The Khandana Khanda Khadya is a work by the 12th century Hindu philosopher Sri Harsha which in some sense sets out to disprove epistemology - it seeks to show that all putative means of knowledge, whether sensory observation, inference, or scriptural revelation, are ultimately invalid. That's because Sri Harsha subscribed to a Hindu Vedanta philosophy called Advaita, according to which the physical world is an illusion, and thus the means of knowledge which seem valid in the world of appearance do not capture the true nature of reality.
Now in section 2 of the Khandana Khanda Khadya, Sri Harsha responds to the argument that certain entities postulated by logic, like premises, conclusions, and the like, must be real because they're the cause of all philosophical discussion. Sri Harsha's response is that he agrees that those entities are the cause of all philosophical discussion, but he denies that they must therefore be real. He first argues that "[t]he non-real can have causal efficiency", i.e. that just because something is a cause doesn't mean it's real. And then he goes one step further and argues that "[c]ausal efficiency cannot belong to that which has real being", i.e. that if something is real then it can never be a cause! Here's his justification for the latter statement:
Causal efficiency cannot belong to that which has real being.
I. ‘If a cause be that into the nature of which real existence enters as an essential element, then, for this very reason, the cause has no real being.'
II. 'If, on the other hand, real being does not essentially enter into the nature of the cause, then, for this very reason, the cause has not real being.'
The meaning of this stanza is as follows:—
I. If the nature of the cause be such that it implies as an essential element real existence, then to say that the generic character ‘real existence' belongs to the cause would involve the absurdity of something (real existence) residing partially in itself (i. e. that real existence which goes to constitute the nature of the cause).
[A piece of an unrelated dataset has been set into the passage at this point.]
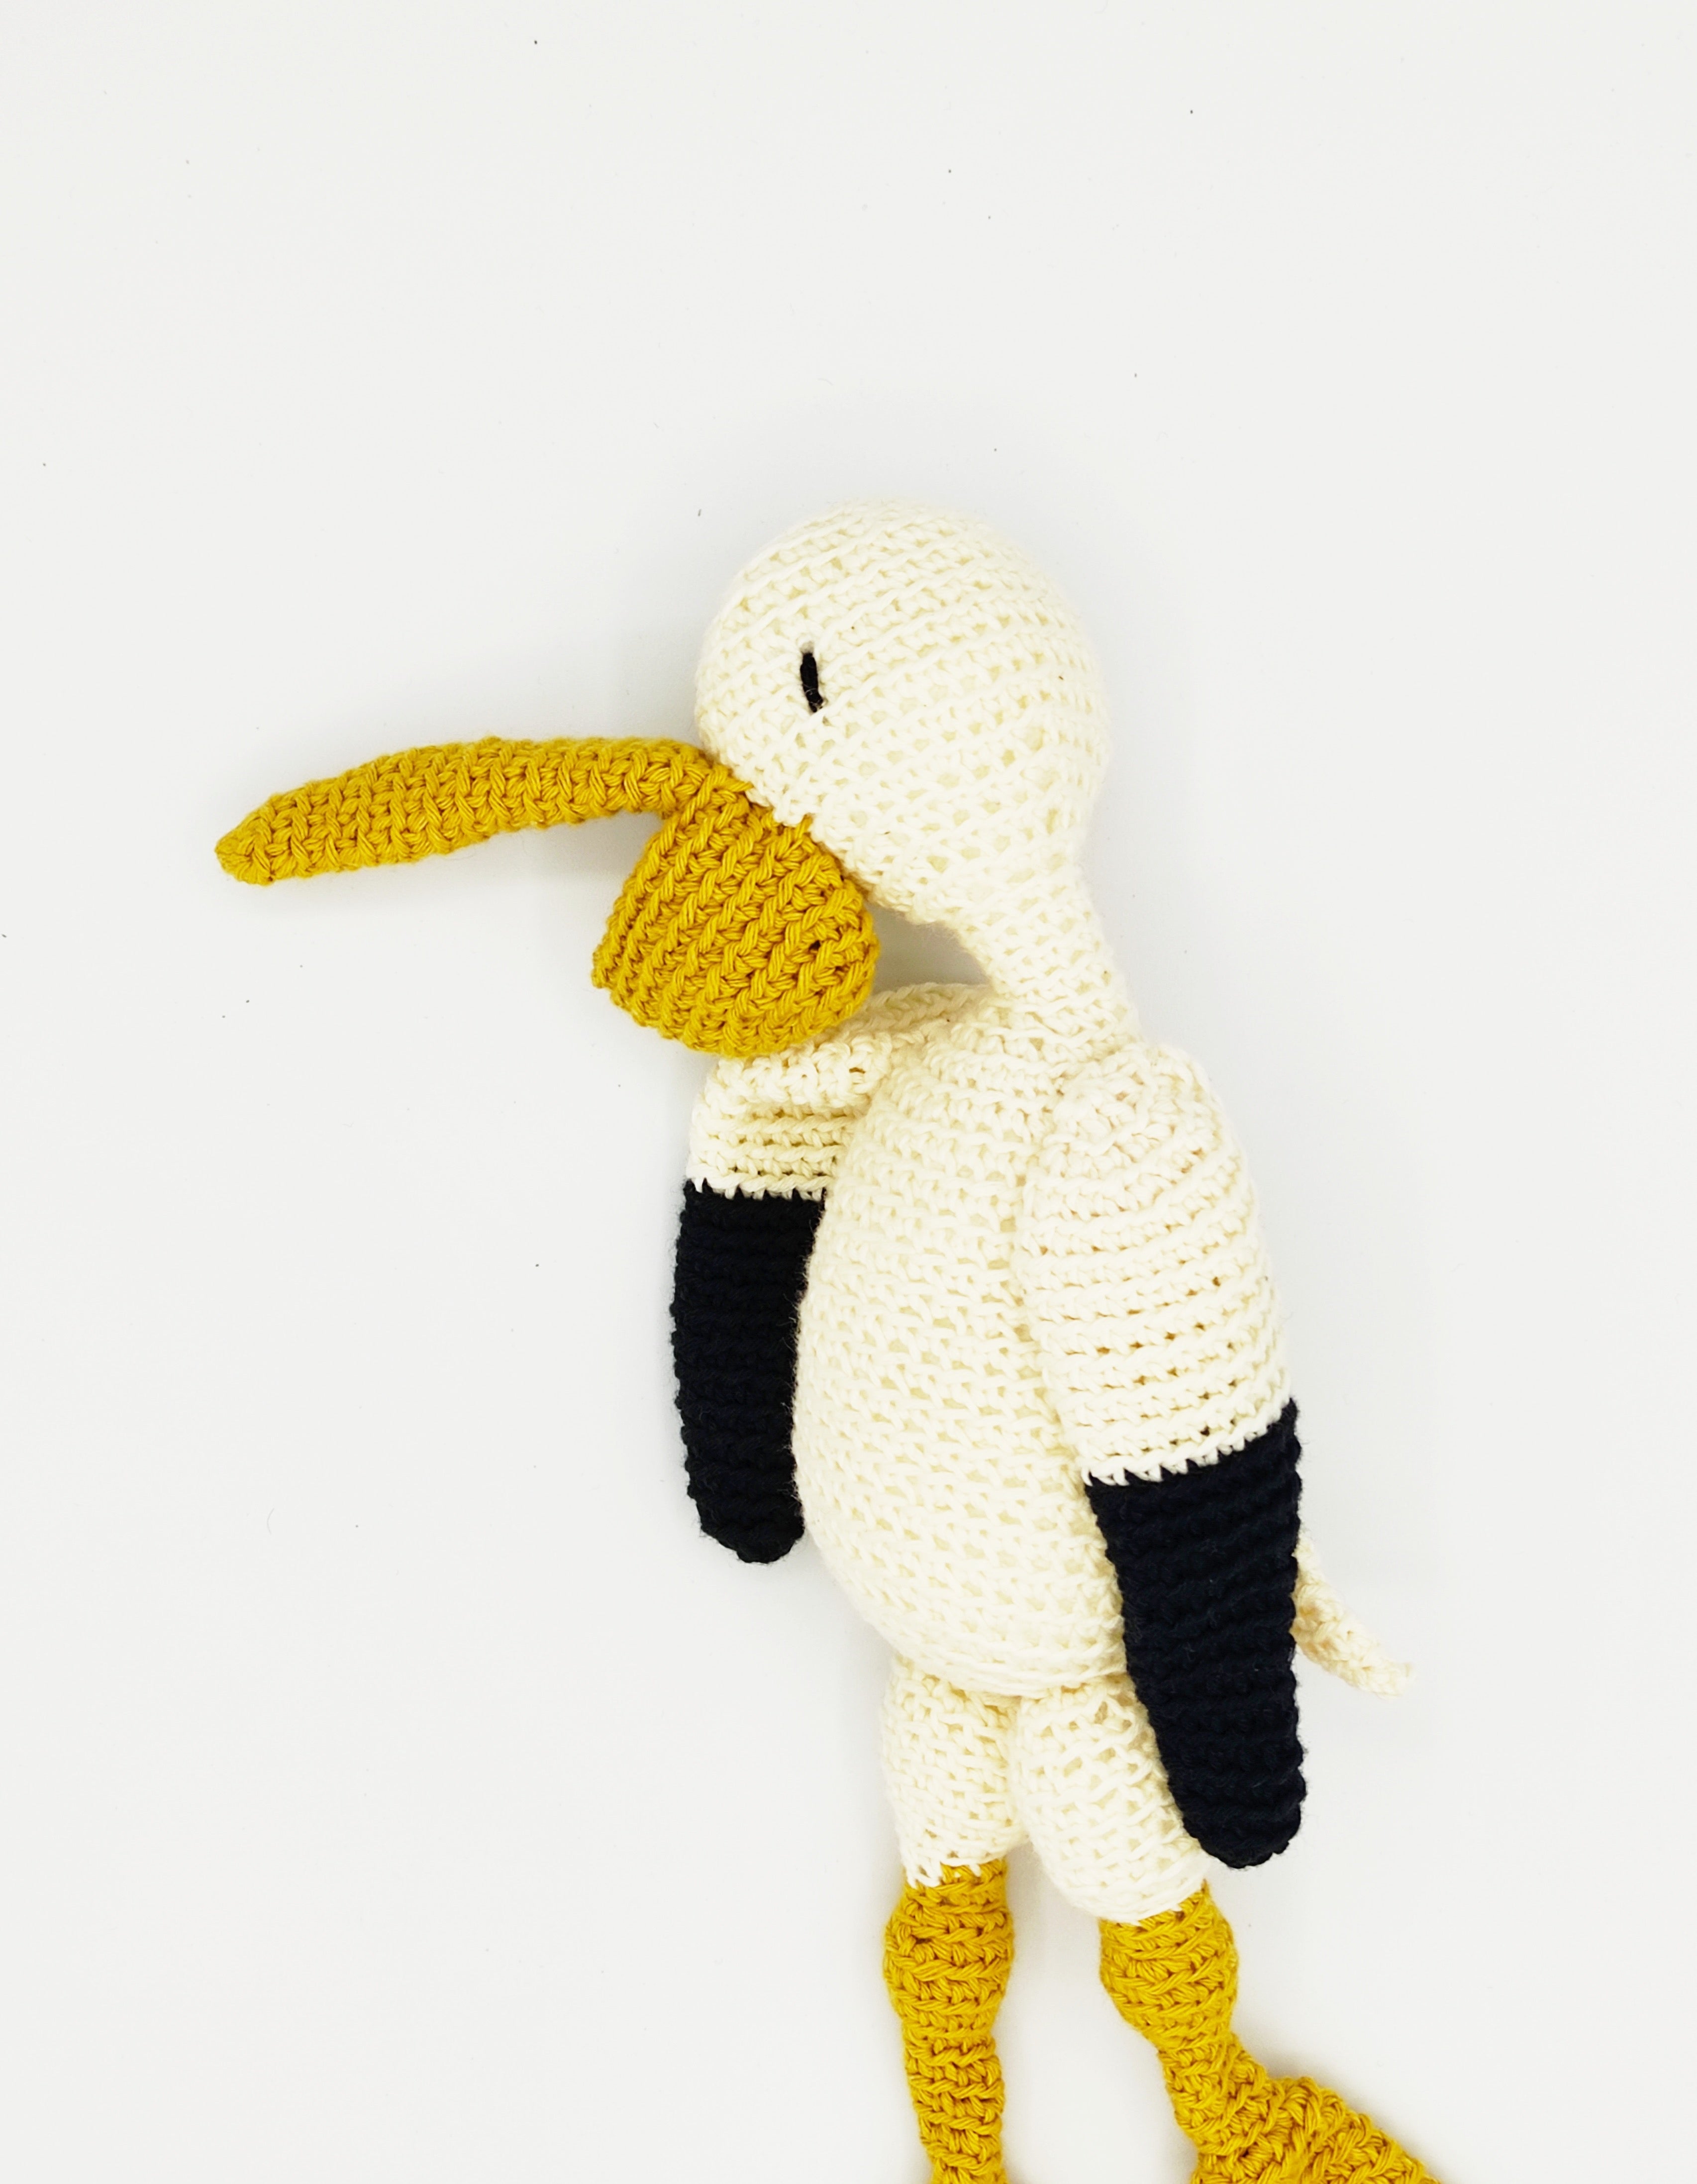 Maurice the Pelican

Even if the thing qualified by real existence (i.e. the cause with such existence as an essential element of itself) were considered as something different from real existence (so that the said absurdity would not arise), we could not accept the real existence (in the latter sense, i. e. the real existence which is predicated of the cause) to be the same with the real being that enters into the nature of the cause; for it is a recognised principle that no more than a thing can reside in itself, can it reside in that of which it already is an essential attribute. It would therefore be necessary to assume another existence as residing in the cause qualified by existence ; and as this would mean that existence does not enter into the nature of the cause, the cause would have to be regarded as ‘not really existing.' And if, in order to avoid this, we were to assume a series of existences, one after the other, there would be no end of such assumptions.
Nor will you escape from this predicament by taking the long step of assuming an infinity of different kinds of real existence. For if you assume different kinds of real existence, you relinquish the very foundation on which the generic conception of ‘existence' rests, and hence lose the idea of even the first existence. Seeking to establish the notion of existence you thus have lost the basis of it, and are worse off than before! ...
II. Let us then consider the second alternative stated in para. 44, viz., that that which really is constitutes the cause, without ‘real being' entering into it as an essential element.—On this view, we point out, that which has no real being also may be a cause, since real being and non-being equally do not enter into the nature of the cause.
Can someone please explain the logic of Sri Harsha's argument, especially the part in bold?
He seems to find some kind of contradiction between the statement "The nature of the cause is such that it implies as an essential element real existence." and the statement "The generic character ‘real existence' belongs to the cause." I can barely even tell these two statements apart. But apparently he thinks that if both statements were true, that would imply that something resides partially in itself, which is impossible. And so he concludes that they cannot both be true. And then he argues that if the first statement is false, then we have no compelling reason to believe that the second statement is true.
None of this makes much sense to me, especially because the two statements seem so similar to each other. So can someone explain to me the difference between these two statements, and elucidate the logical structure of this argument?
Note that I previously posted a question about this passage on Hinduism Stackexchange here, but that was more about examining the argument in its religious context. Here I just wanted to focus on the logical structure.